[Start of Attachment]
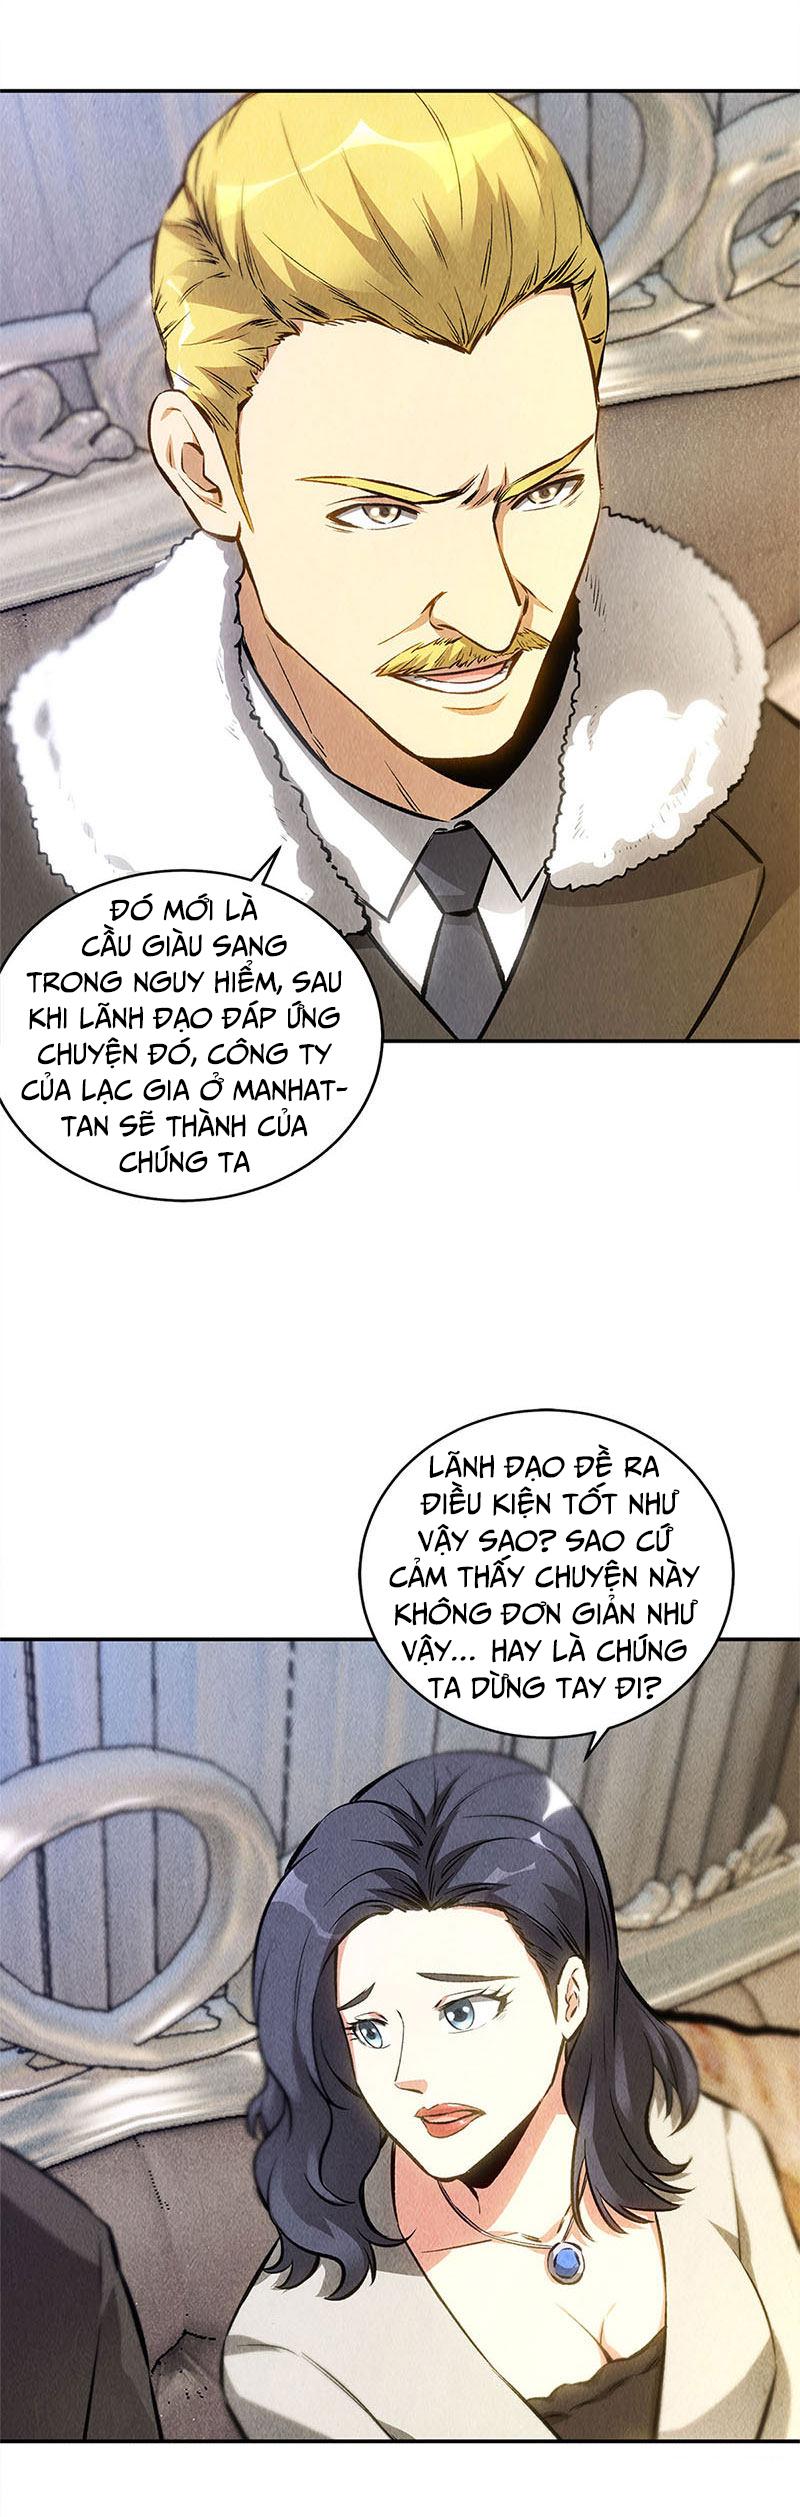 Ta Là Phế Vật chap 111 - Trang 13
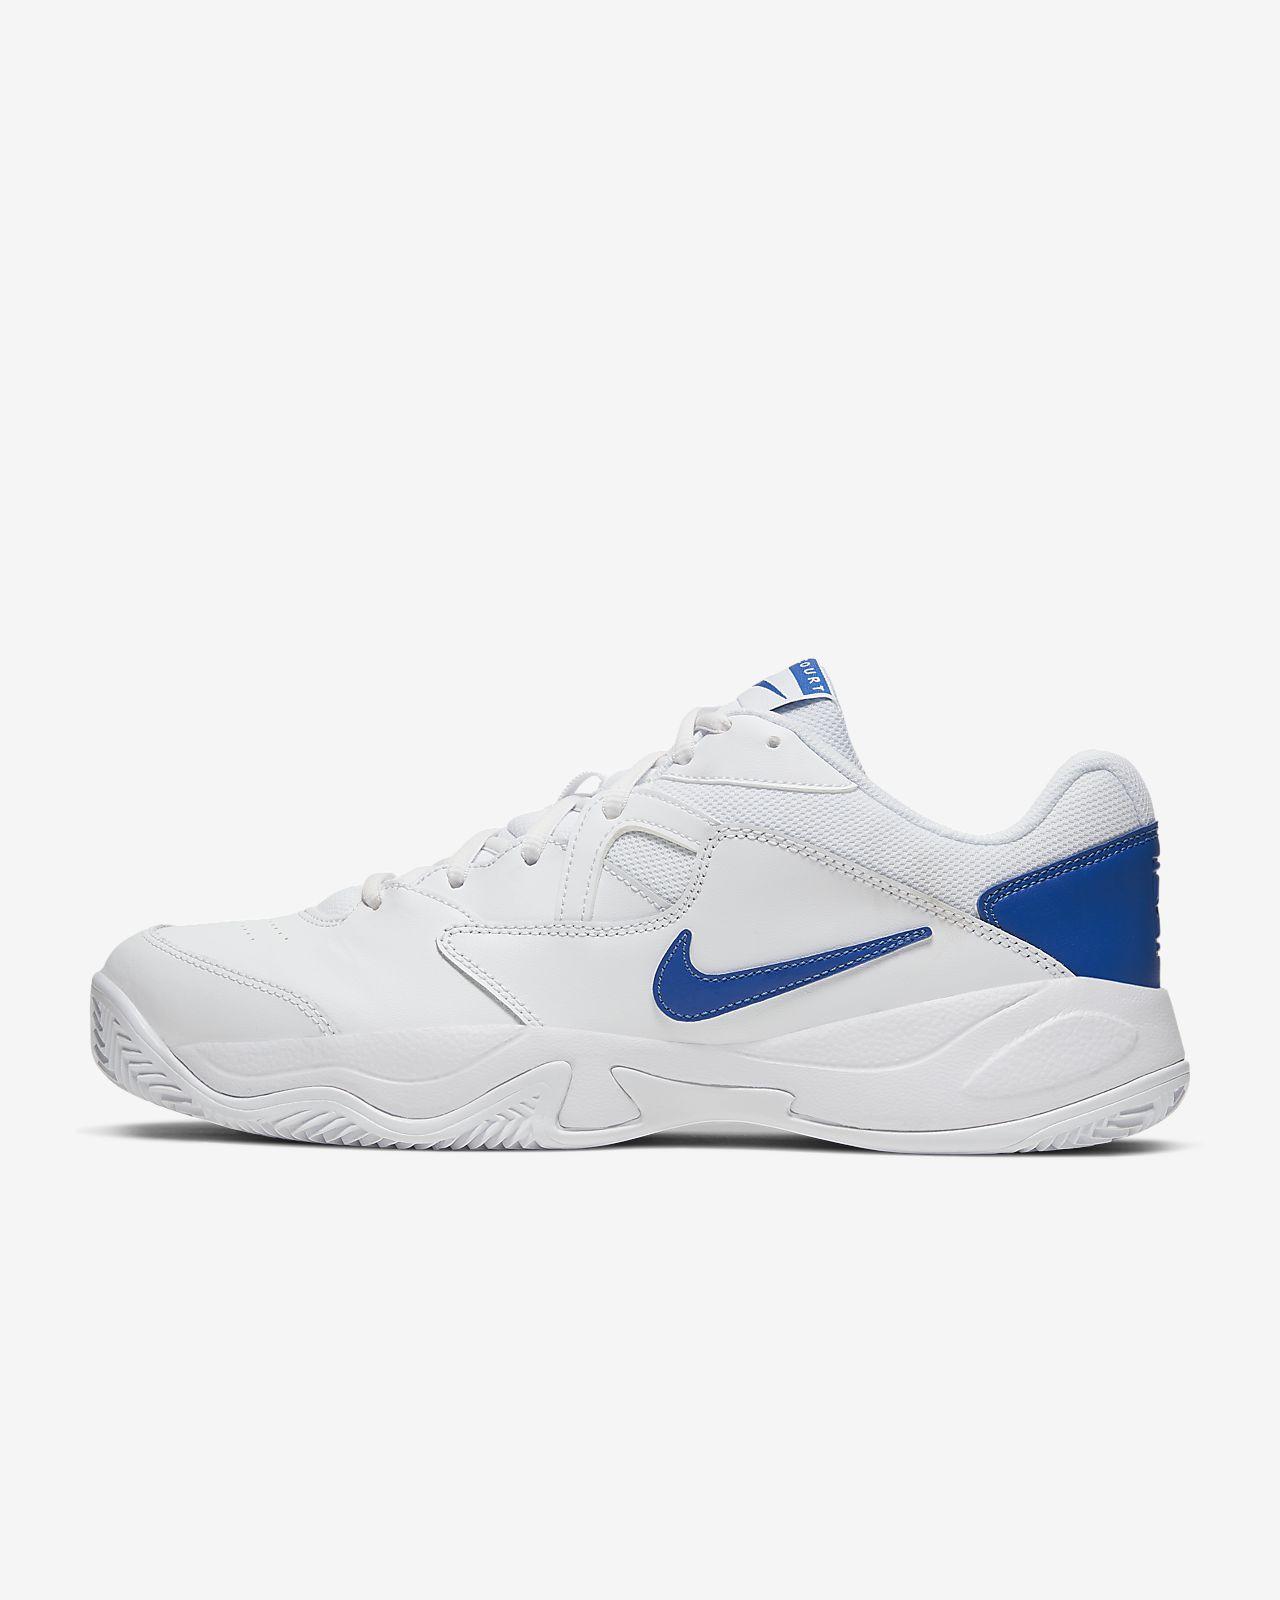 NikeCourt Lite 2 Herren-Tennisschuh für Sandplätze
[End of Attachment]
[Start of Attachment]
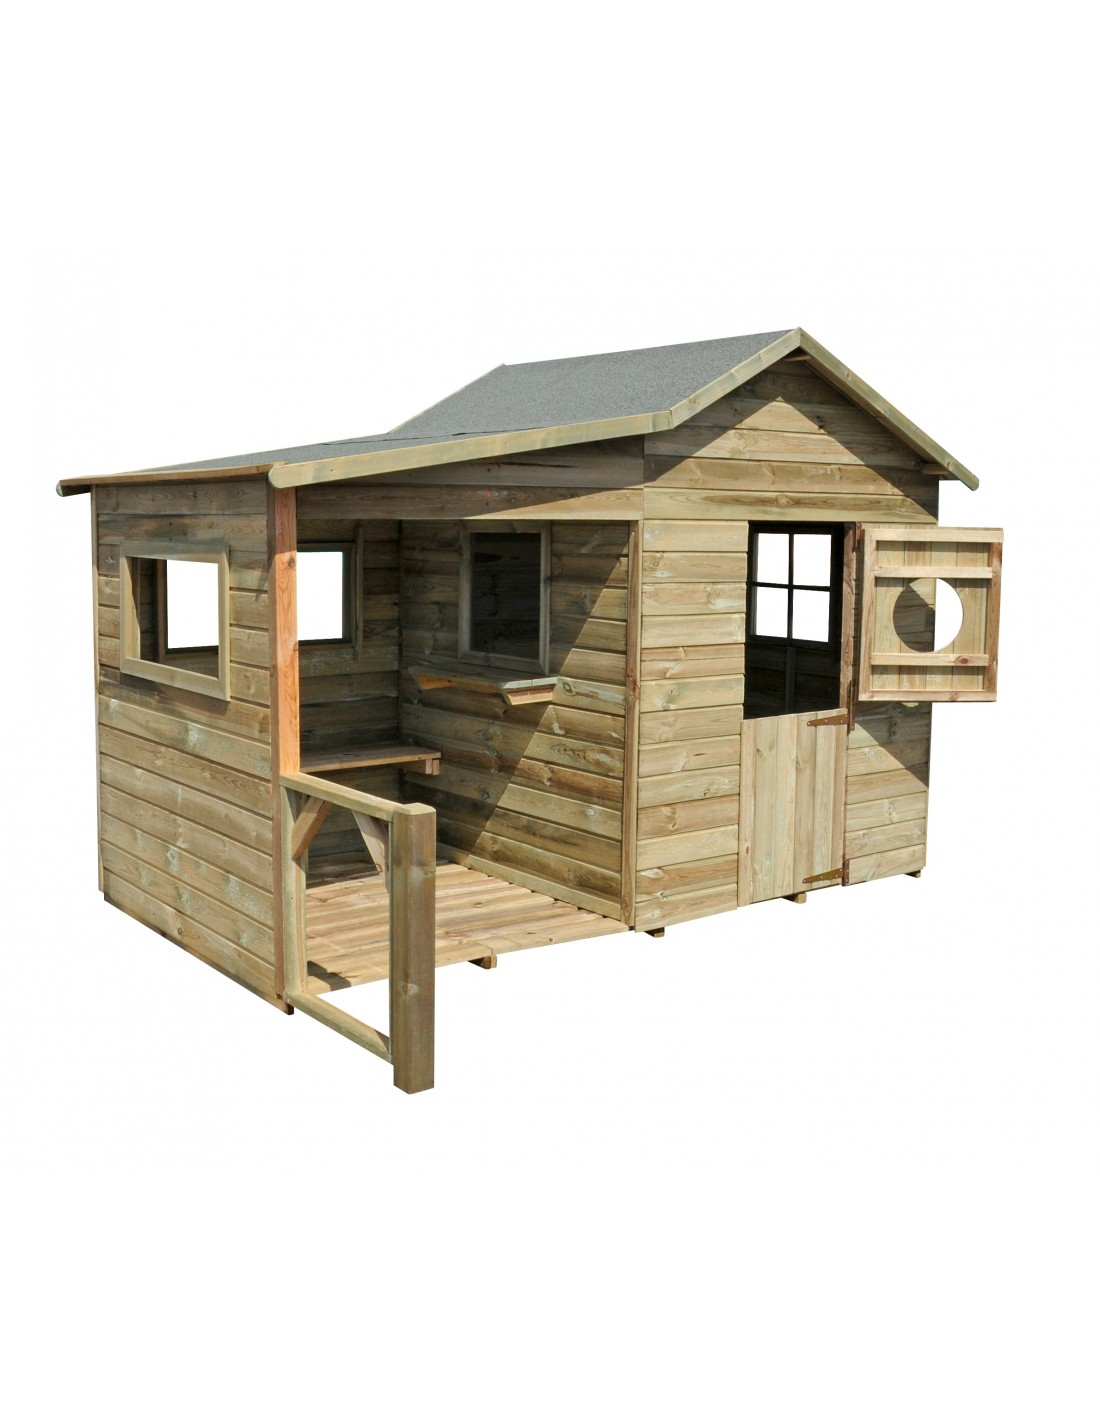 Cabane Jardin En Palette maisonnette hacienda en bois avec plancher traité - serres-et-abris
[End of Attachment]
Give back exactly the lines above that run from the one with "Ta Là Phế Vật chap 111 - Trang 13" to the one with "NikeCourt Lite 2", including both, with the pictures left out.

#### Written solution:
 Ta Là Phế Vật chap 111 - Trang 13
 NikeCourt Lite 2 Herren-Tennisschuh für Sandplätze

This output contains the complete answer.